Mixed Race Mess: Alicia Keys and Unthinkable Interracial Dating [Mixed Media Watch]
By Deputy Editor Thea Lim
Alicia Keys loves drama – and no, I am not referring to her current lovelife (you’ll have to read a different kind of blog to get that gossip, unfortch), I’m referring to her music videos. When it comes to star-crossed histrionics, both Keys’ music and videos always deliver the goods. Which I kind of like, most of the time; woman’s got a good set of lungs and a nice scrunchy crying-for-the-camera face.
But her latest video just gets on my nerves. ”Unthinkable” stars Chad Michael Murray as Keys’ white lover, and shows reincarnations of the same interracial couple across several different decades, suggesting that from the 40′s up to today interracial relationships still face prejudice.
While I appreciate the way Keys uses time to show parallels between the racism of the past and the racism of the present, there are a few things about this video that strike me as deeply dishonest. Broken down for your reading convenience, here are my issues:
1. Only black people hate interracial relationships!
Okay Ms Keys, why do you only have black people showing prejudice in this video? From the 50′s to 70′s to the 80′s to the 00′s, all we see are black faces looking on at the Murray/Keys pairing with fury and even violence. Oh no wait, we get a split second of a white cashier looking at black/white flirtation with disgust…and then it’s back to black folks.
A video doesn’t just pop out organically from the brain of its creator: someone makes very specific choices and then very specific casting calls to mark race in a video. So why did Keys and her team choose to only show black people getting mad about the interracial love in this video?

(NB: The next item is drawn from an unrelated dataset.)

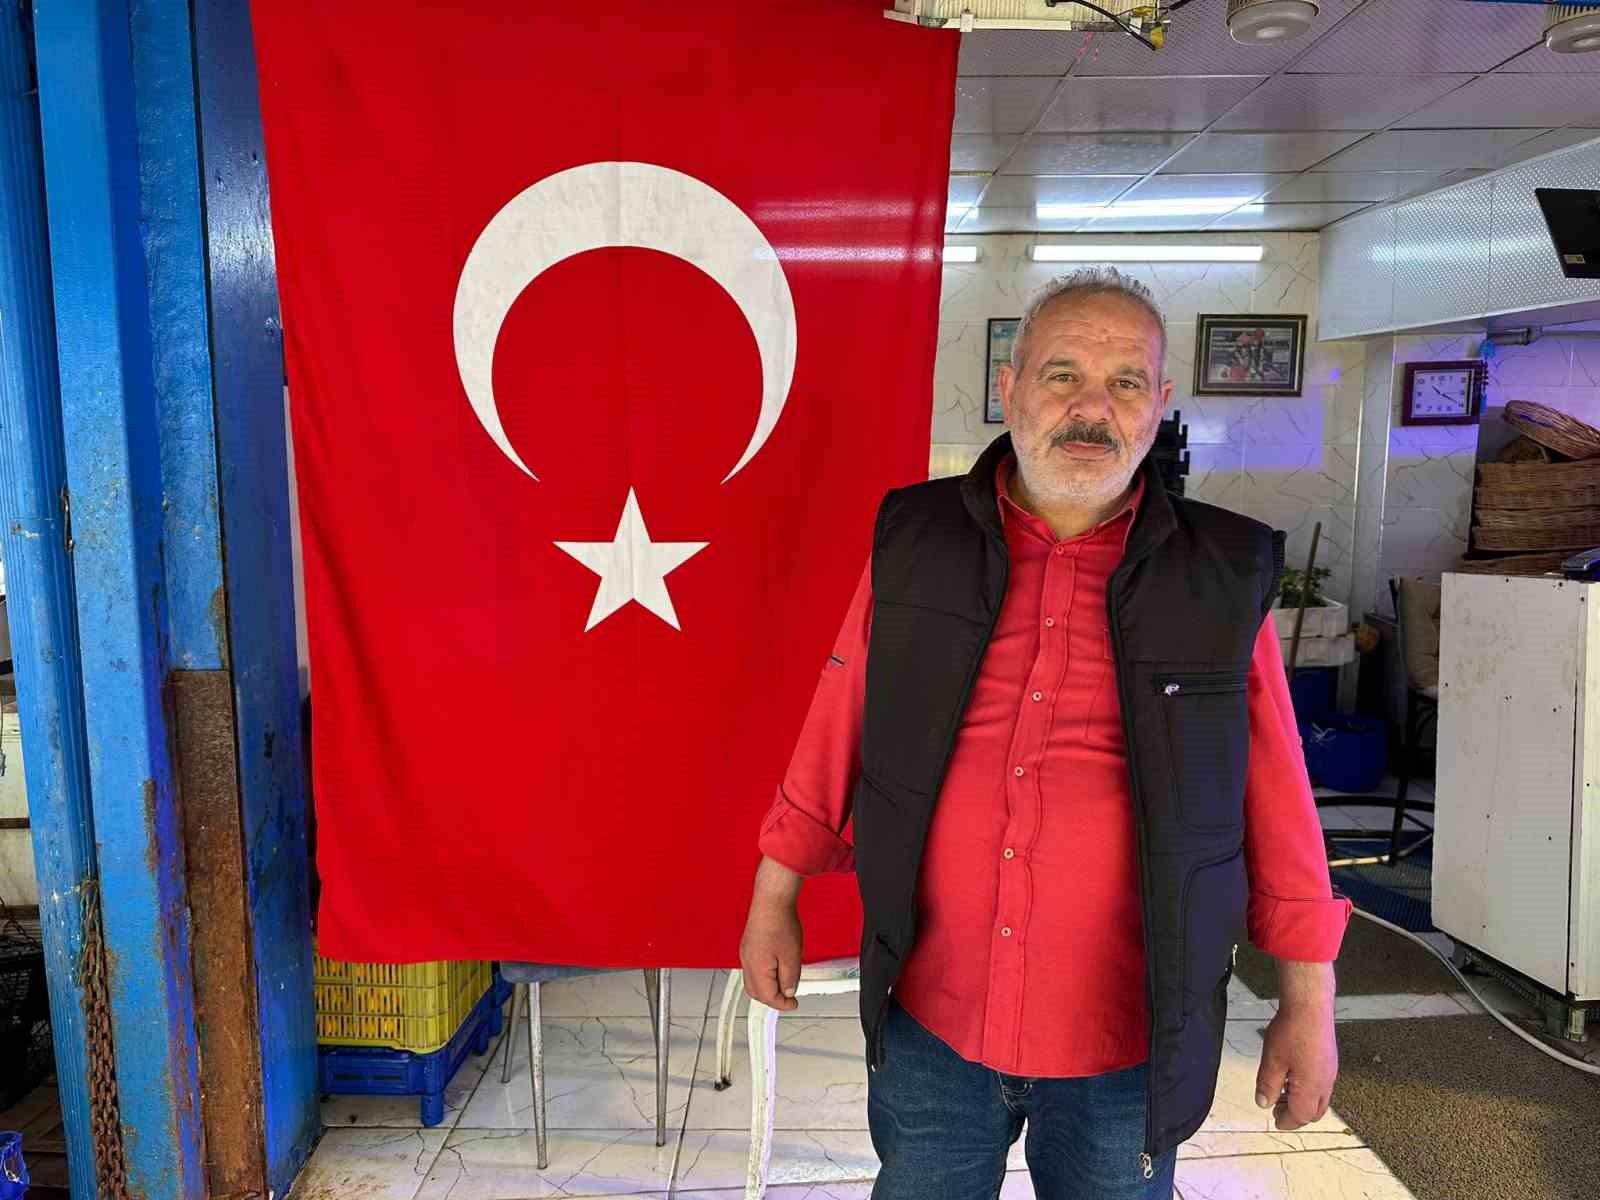 19 Mayıs’ta dükkânlar Türk bayraklarıyla donatıldı

This seems particularly problematic and dishonest in the “50′s” section of the video, where the optics, if you really look at them, are disquieting: a group of angry, bloodthirsty black men circle a defenseless white man with a puppy dog face.
So not only do we get a very racist portrayal of black people as aggressive and irrational in contrast to a lover-not-a-fighter white man, we get a profoundly skewed version of history. Anyone with a 101 knowledge of Black History Month knows that in the 50′s it was black men, not white men, whose lives were in danger if they so much as looked at white women. For some of our readers this will be well-trod ground, but let’s do a refresher just in case: Emmet Till was a 14 year-old black boy who was tortured and murdered for allegedly flirting with a white woman. And his story was not an anomaly; this happened to many black men. So much so that an all-white jury took all of 67 minutes to acquit both Till’s accused murderers. This didn’t happen in 1897, it happened in 1955.
I imagine that at some point in the 50′s, there were white men who were given a split lip by black men for dating black women. (And then, considering the way the justice system works, those black men were probably sentenced to life in prison.) But when you note the systemic power behind the violence visited upon black people by the white dominant culture, that other violence pales in comparison.
Either Keys is appallingly ignorant of American history, or is intentionally toying with historical representations to solely present black people as the violent objectors to interracial relationships. Maybe just to get a rise? To step with the “but black people/POCs are the most racist!” crowd? I just don’t know.
Undoubtedly there are people of any ethnic group who have issues with IRs, causing their friends and family members misery. So why did Keys make the conscious decision to show only one half of the haters, especially when you think of the state’s force behind white distaste for IRs?
2. Let’s hump our way to a racism-free world!
I know that interracial couples continue to face prejudice today. Just last year we heard about a Louisiana judge who refused to grant a black/white couple a marriage license, for the sake of their (future) children.